The next micro drill, is called Knight Sight, and is designed to make the squares that a knight can move to "pop out." Begin by placing a knight on a1 and physically touch the squares that it can move to (c2 and b3) with your finger (see Figure 2). Then move the knight to a2 and repeat the process. Continue until you reach a8 and then move back to b1, going row by row until you reach h8. Repeat this Knight Sight exercise every day for one week.



Figure 2: Improve your Knight Sight by placing the knight on a1 and then physically hitting the squares that it can move to, c2 and b3, with your finger. Then move the knight to b1 and repeat the process.


At the end of this week, test your Knight Sight by placing the knight on random squares on the board and see if the squares that it can move to jump out at you. If not, repeat the process for another week and continue doing so until you no longer need to calculate the knight’s moves.


Once your Knight Sight meets your standards, you are ready to move on to the next step. Place a knight on d5 and calculate the minimum number of moves that it takes to bring the knight to d4 (see Figure 3). You can prove that it takes exactly three moves: first you can show that it does not take one move because your Knight Sight makes the squares that the knight can move to in one move pop out, and d4 is not one of them. Second, you know that it cannot take two moves to move the knight to d4 because the knight alternates colors, and since d5 is a dark square, it cannot be on d4 which is a light square after two moves. Third, it does not require more than three moves to go from d5 to d4 because you can calculate at least one path (e.g., d5-c3-e2-d4) that takes exactly three moves.

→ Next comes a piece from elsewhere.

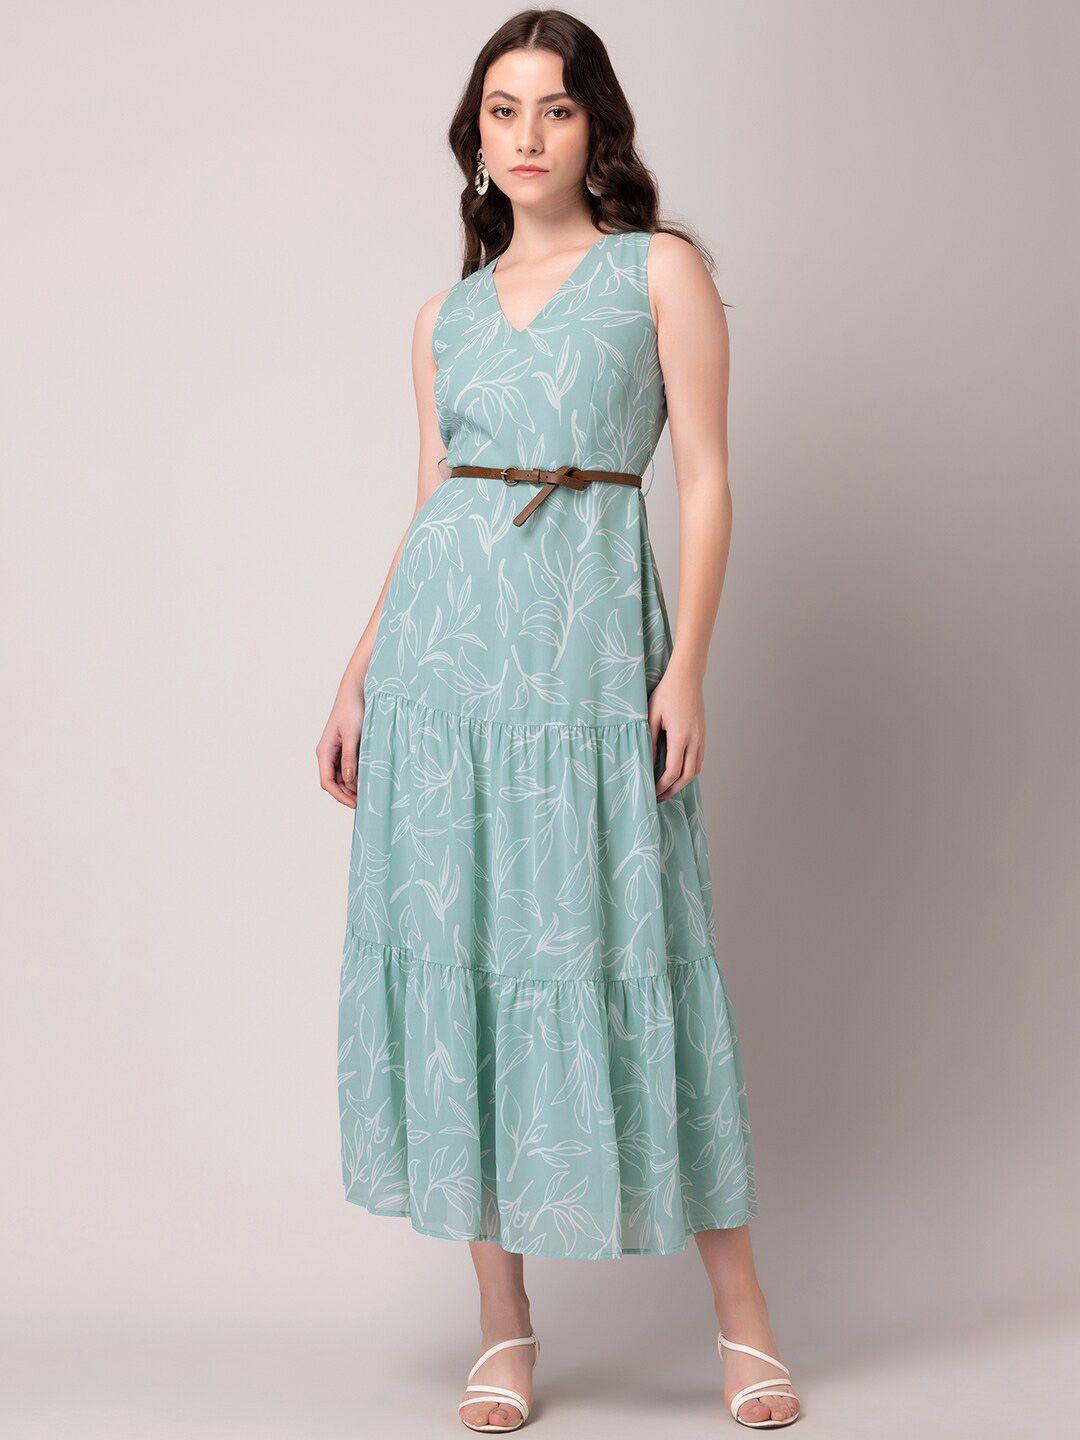 faballey-blue-floral-printed-tiered-a-line-midi-dress-with-belt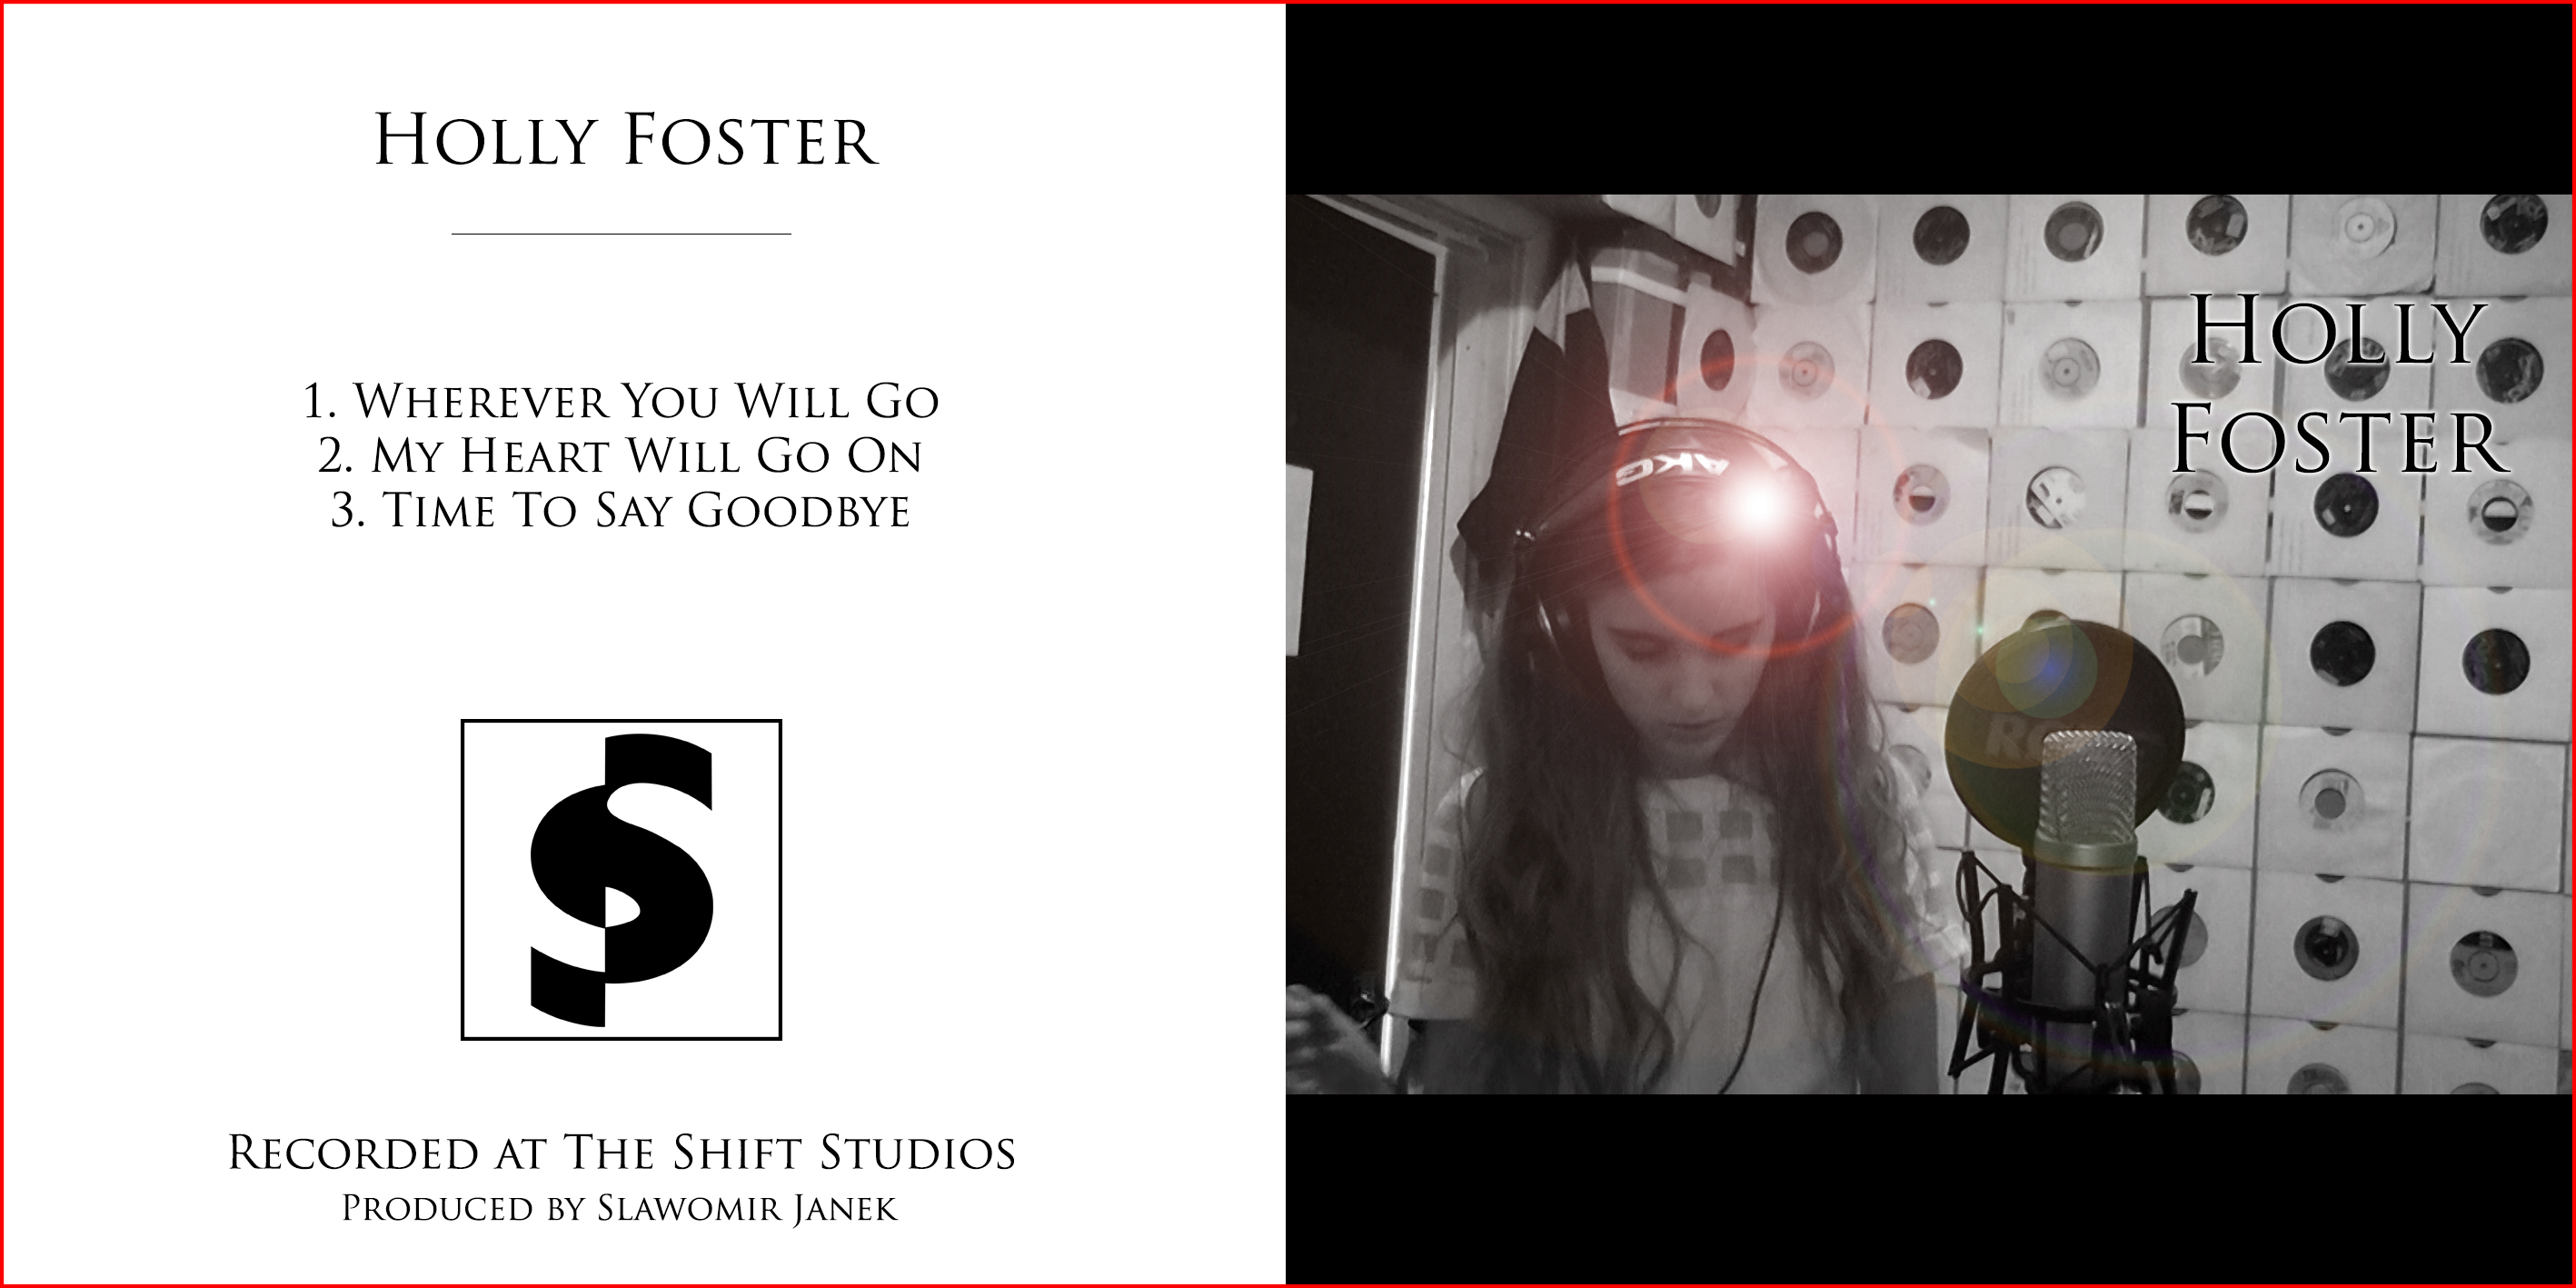 the-shift-studios-holly-foster-recorded-in-burnley-lancashire

Figure 3: Improve your Knight Sight further by placing the knight on d5 and calculating the shortest path to d4. For added challenge, calculate all minimal paths.


Now go through the same process that we followed in the Concentric Squares micro drill. Starting each exercise with the knight on d5, move the knight to the squares e4, e5, e6, d6, c6, c5, and c4 in the minimal number of moves. For added challenge find all of the minimal paths, not just one. Now, just as before, expand the concentric square as shown in Figure 1 and repeat the process. Continue expanding the square until the knight is at the edge of the board.


Repeat this process every day for a week. As a refresher repeat it before tournaments and on a monthly basis. You can vary the exercise by changing the knight's starting square. Instead of d5, try c3, f3, b1, and g1, all natural squares for the knight.


Some players may object that these micro drills are so trivial that they are unnecessary. The fact that they are trivial, however, does not mean that they are not useful. Remember that soccer players practice penalty kicks and basketball players practice slam-dunks even though these tasks are trivial. Professional athletes perform these micro drills over and over again so that they can perform at a high level in adverse situations.


Even very strong players sometimes make simple Chess Vision mistakes. For example, Joel Benjamin missed a mate in one against Boris Gulko at the 2000 US Championships. The purpose of these exercises is to automate the knowledge that you already have so that you unconsciously see simple combinations without having to exert any effort. The time and energy that you save can then be spent on calculating more complicated combinations.


Work through these micro drills for 4 weeks and you will notice a significant improvement in your ability to recognize the most common combinations and calculation in knight moves.